Poppies in October
Sylvia Plath (October 27, 1932 – February 11, 1963) was one of the most popular American poets of the 20th century. She wrote numerous poems, short stories, novels and for some journals. She wrote the novels under the pseudonym Victoria Lucas. Her poems became famous after her death and her husband, who had divorced her, published many of her poems. Most of her poems had themes like dysfunctional relationships, suicide, self-hate and death. However she had good control over what she was writing. Very close to her death she had written many poems with death as the theme. ‘Poppies in October’ is one such poem where she is pleading God to gift her death.
The poem is about poppies that generally don’t bloom in October. Why poppies? Poppies come in different vibrant colours and these flowers are used in remembrance of people who die especially soldiers. The petals of the poppies are compared to skirts of woman and even the shimmering sun cannot stop the magnificence of the flowers. In the next line there is a woman mentioned. She is travelling in an ambulance and her heart blooms as she is to deliver a baby which is a gift of God. Yet that joy pales when compared to the joy got from seeing the beautiful poppies. The poppies are also ‘unasked’ gift from Godwith the sky as its background. The plants also ’ignite’ carbon monoxide stating the contamination of the environment. And this gas dulls the flowers. She wonders ‘Oh my God, what am I’. This can mean that Plath was wondering what person she was or it could be that she is talking about the poppies wondering what it was. It was wondering why it had bloomed during the time when the place was covered by frosts and amid other cornflowers.

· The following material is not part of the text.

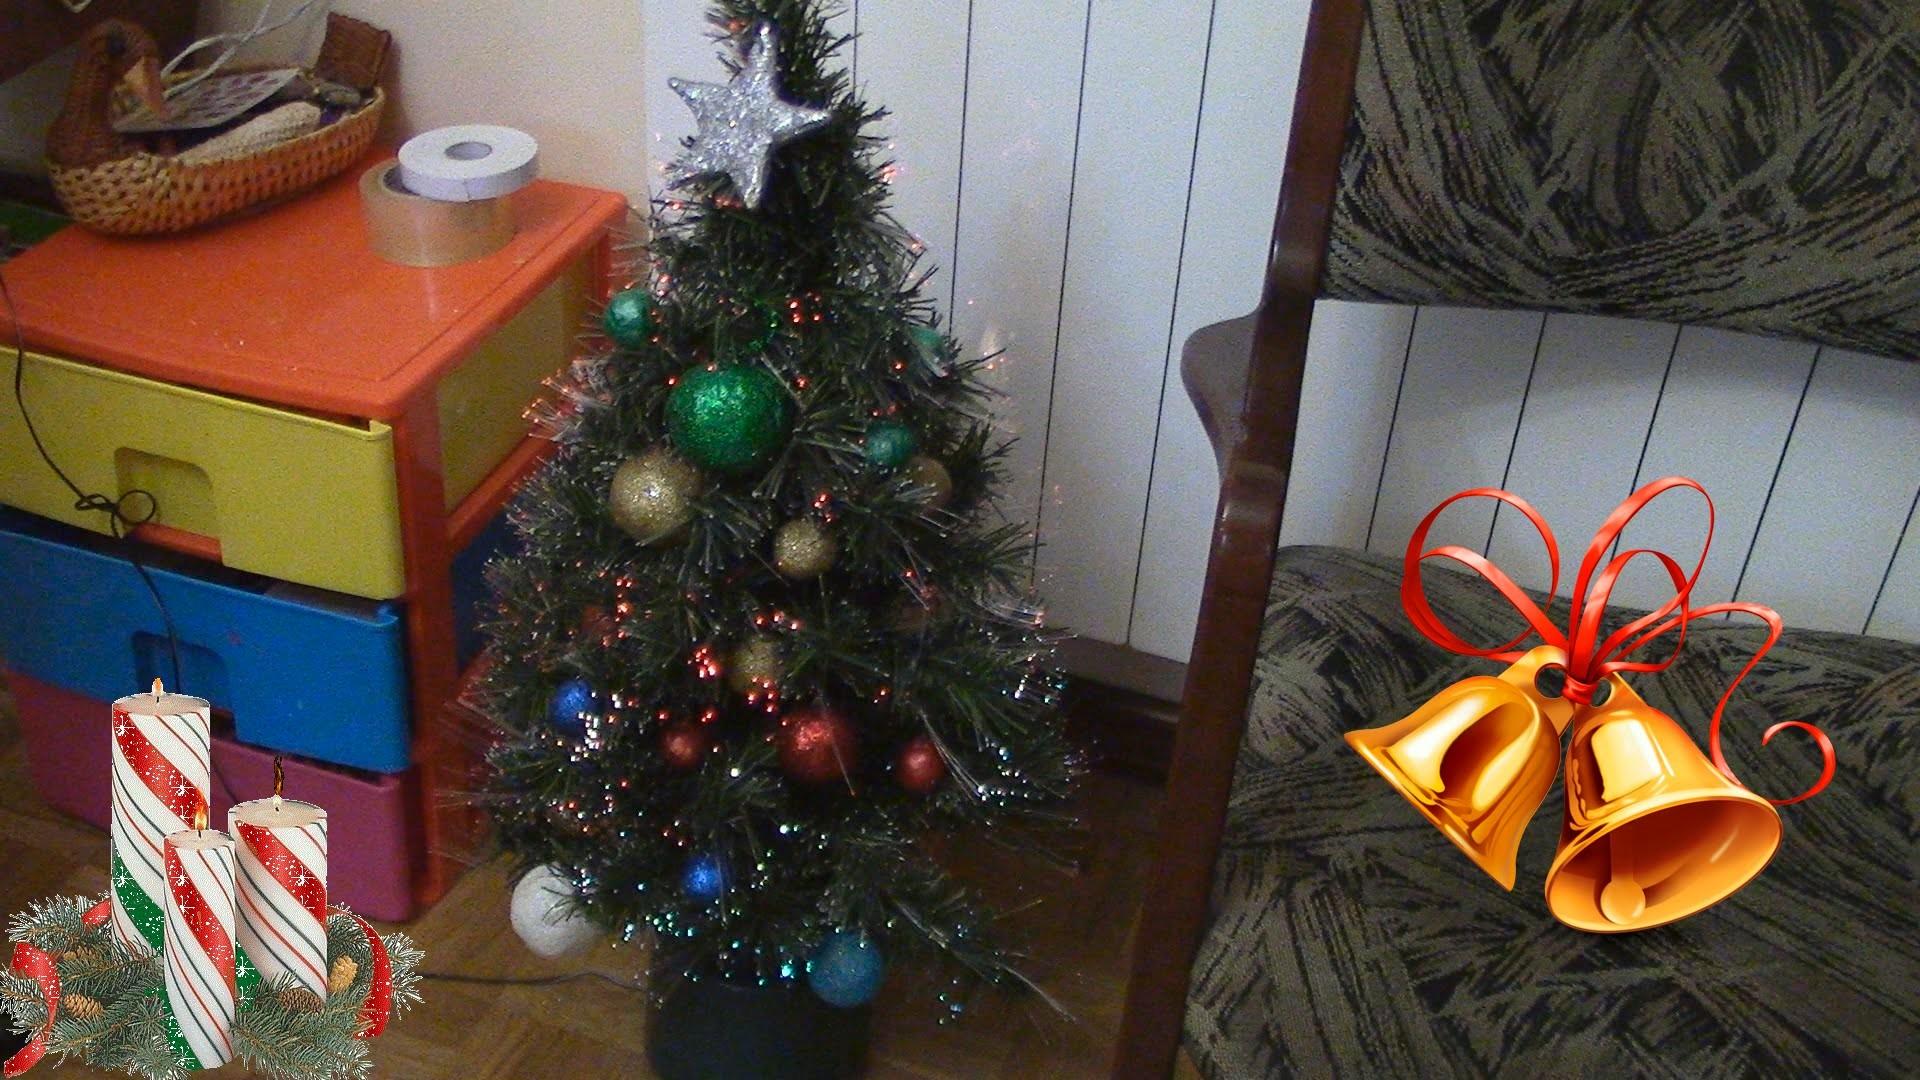 ESFERAS NAVIDEÑAS - CHRISTMAS SPHERES

Sylvia Plath’s poems are confessional poems and it is very rare to see a poem which is one without her story in it. ‘Poppies in October’ is a little different for she describes the magnificence of poppies but analysts agree that her story is seen in this poem. It is a free verse, there is no rhyme scheme. The poem has three stanzas of varying lines; a total of twelve lines. Alliteration, the use of same consonant in the start of any word in the same line, is used many times in the poem. Some of them are ‘Forest of frost’ and ‘morning can’t manage’. Assonance is the repetition of matching vowel in the words in a line. Assonances are aplenty in the poem ‘Poppies in October’. Some of them are ‘cannot manage’, ‘Utterly unasked’. The ‘a’ in can and man in manage and ‘u’ in utterly and unasked is assonance. Consonance is when the concluding consonant sounds have the same sound, as in ‘palely and flamily’; ‘ly’ in palely and flamily are examples of assonance. For a Plath poetry the imagery is a little less. One striking imagery is, ‘Forest of frost’. Poppies is the symbol of death so is frost; there is an allusion to death in this poem. The use of carbon monoxide is a foretelling of Plath’s death for she took her life by breathing the carbon monoxide from the gas tube.